**PROBLEM DESCRIPTION**
What are the lines, word for word, from the line with "Funny Motorcycle Sticker" up to and including the line with "Richard and Pat" in the records below? Omit the pictures.
(Beginning of DATA EXTRACT)
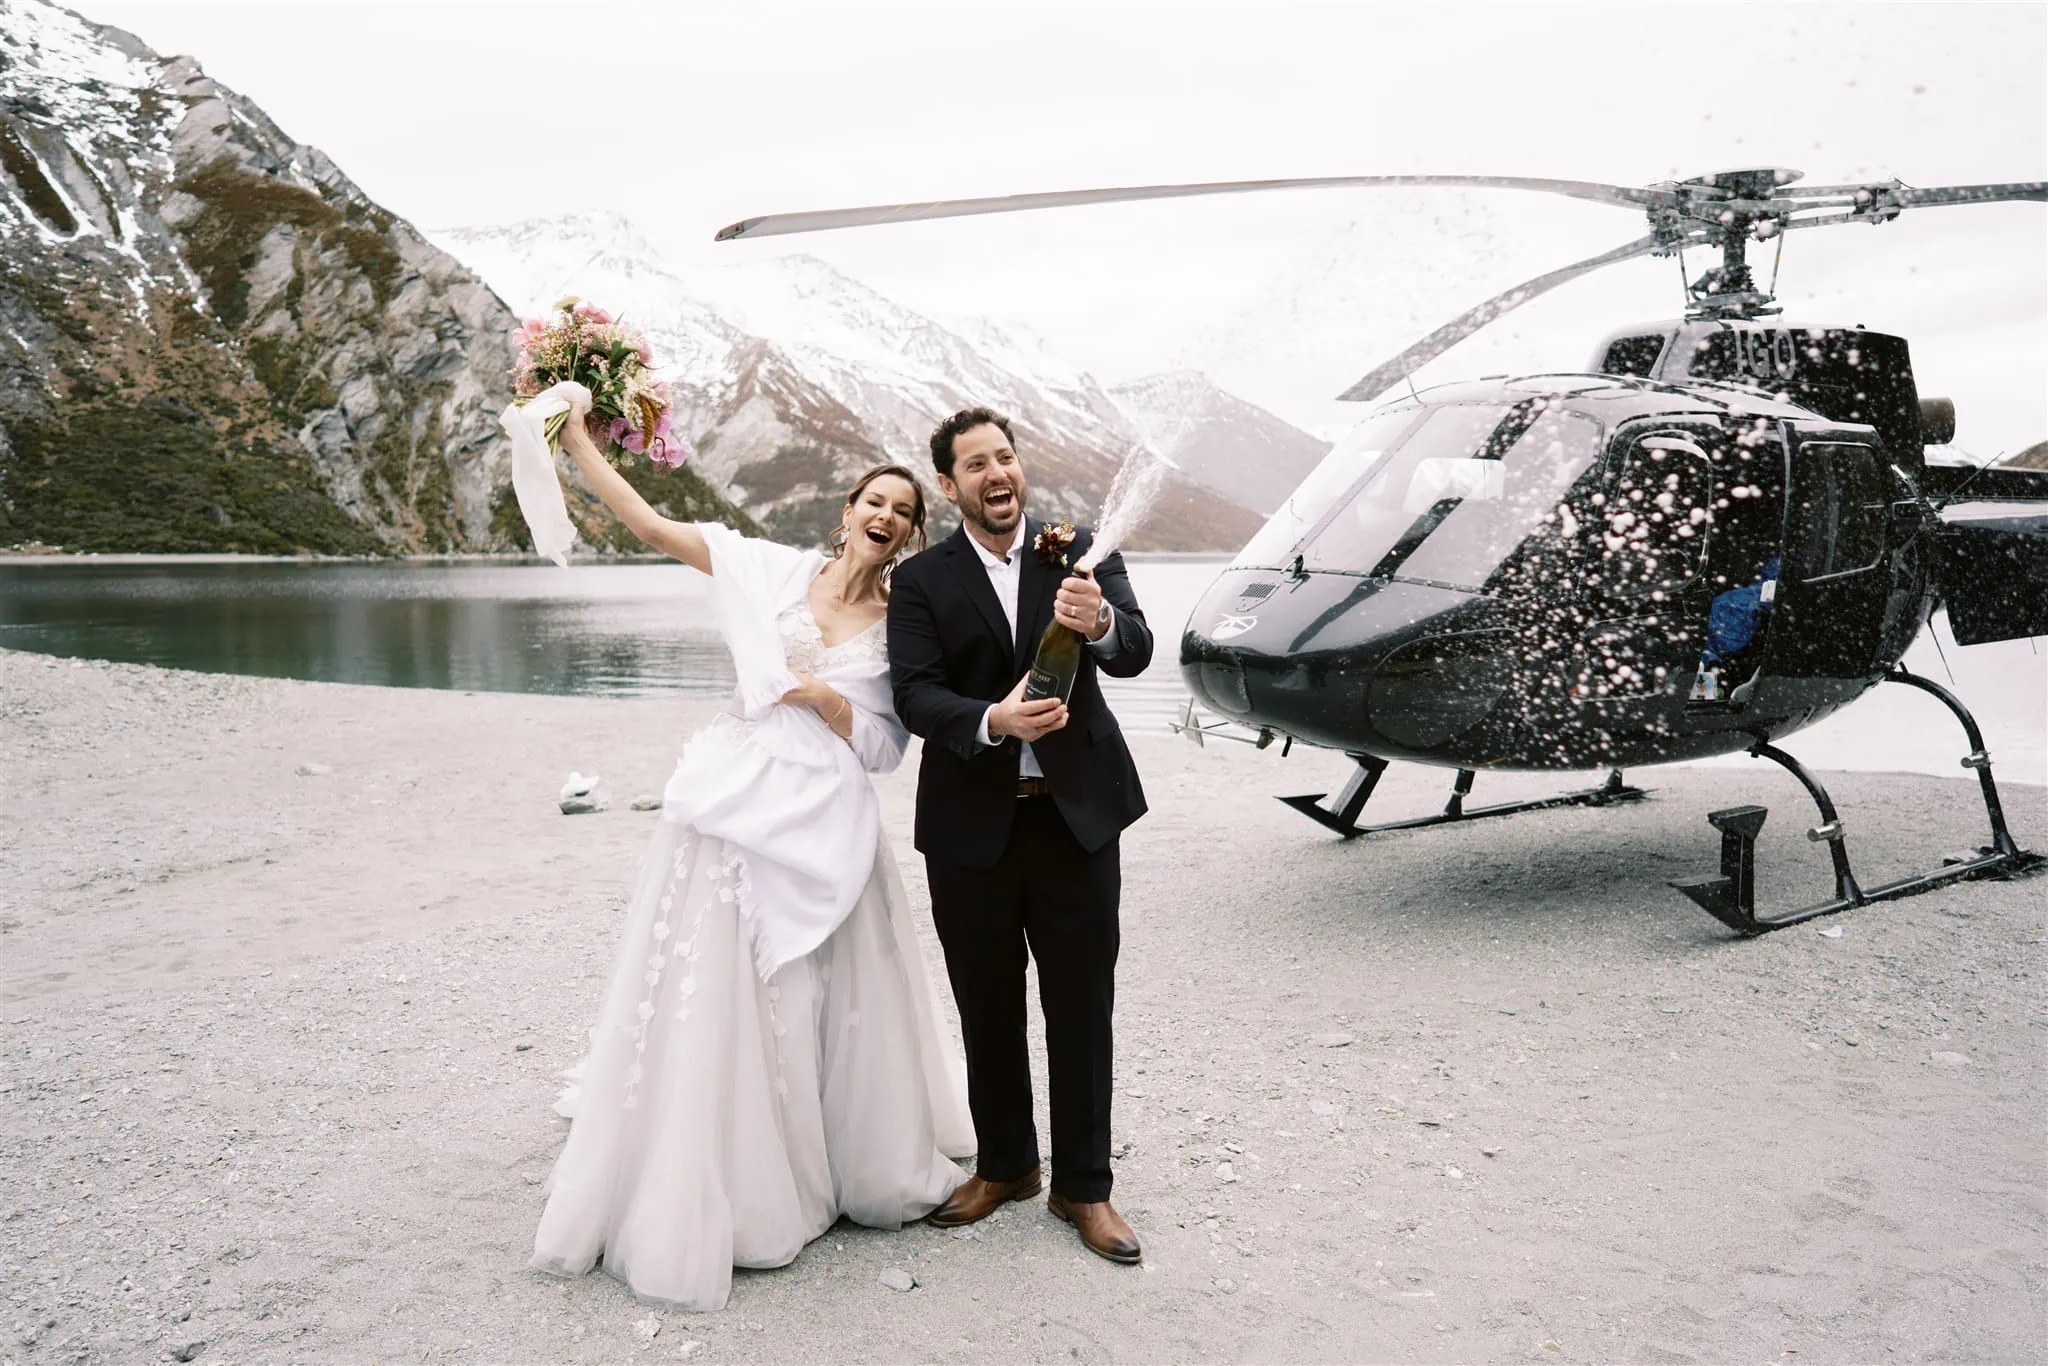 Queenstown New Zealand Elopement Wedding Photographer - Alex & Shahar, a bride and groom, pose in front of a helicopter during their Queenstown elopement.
(End of DATA EXTRACT)
(Beginning of DATA EXTRACT)
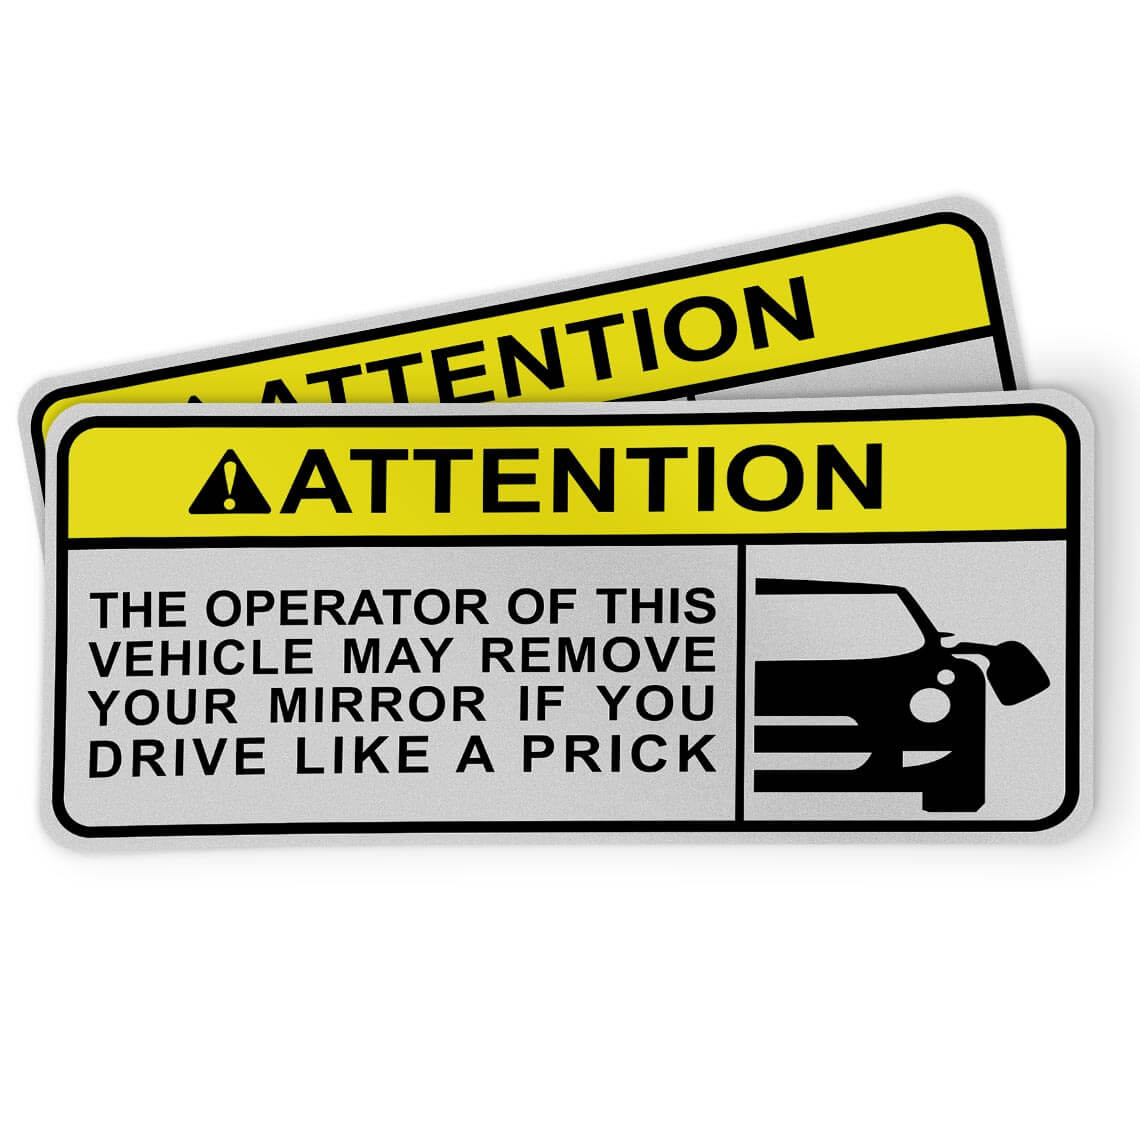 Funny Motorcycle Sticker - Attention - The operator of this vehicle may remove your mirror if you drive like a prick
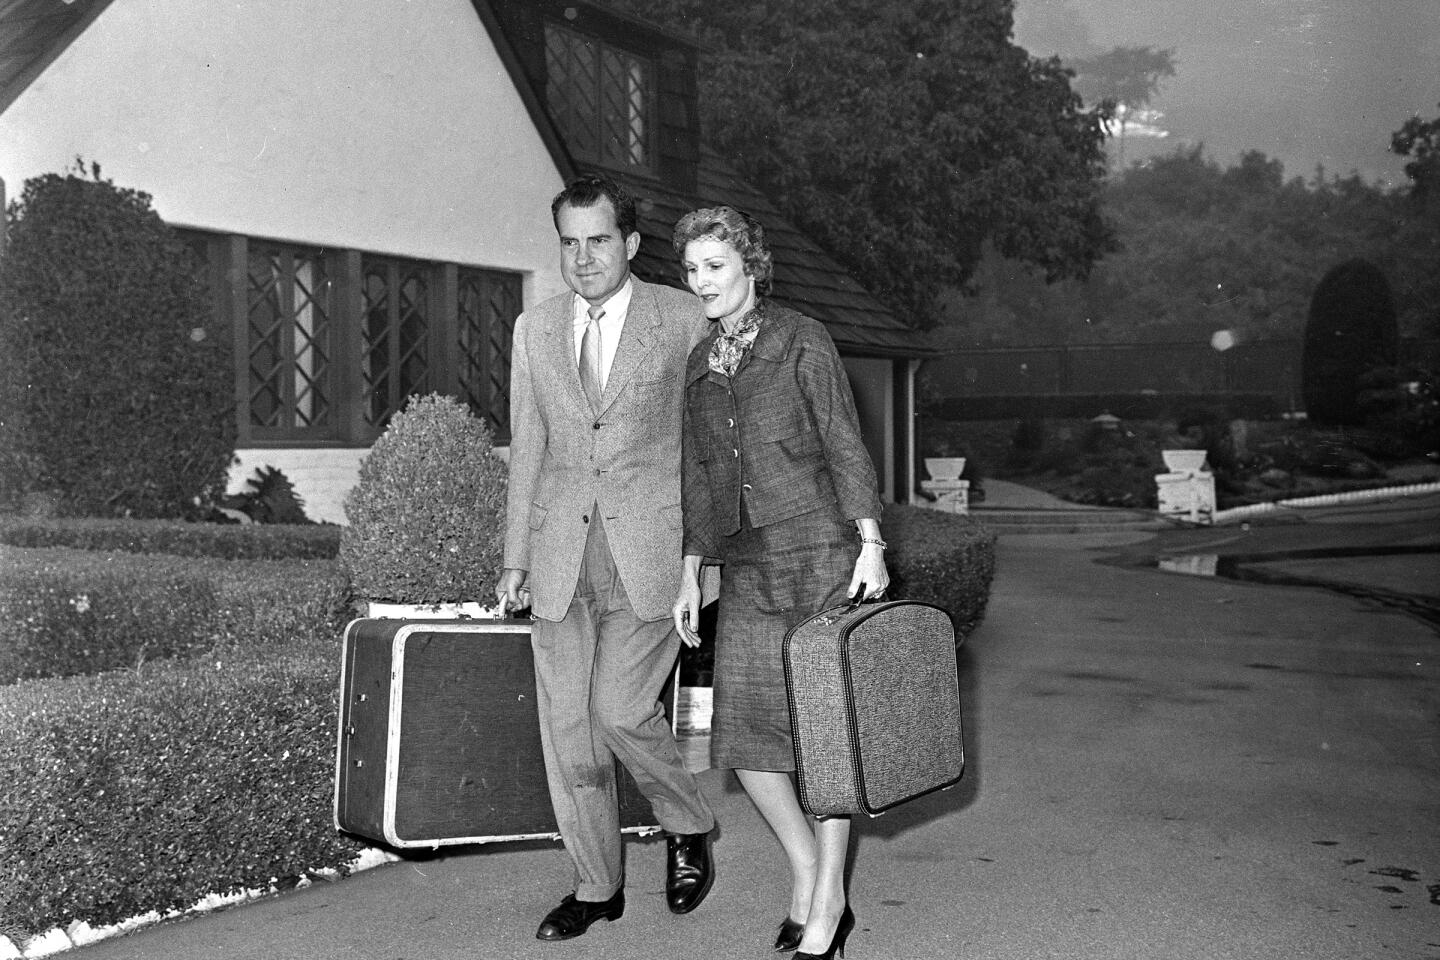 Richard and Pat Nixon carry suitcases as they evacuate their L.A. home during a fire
(End of DATA EXTRACT)
**WRITTEN SOLUTION**
 Funny Motorcycle Sticker - Attention - The operator of this vehicle may remove your mirror if you drive like a prick
 Richard and Pat Nixon carry suitcases as they evacuate their L.A. home during a fire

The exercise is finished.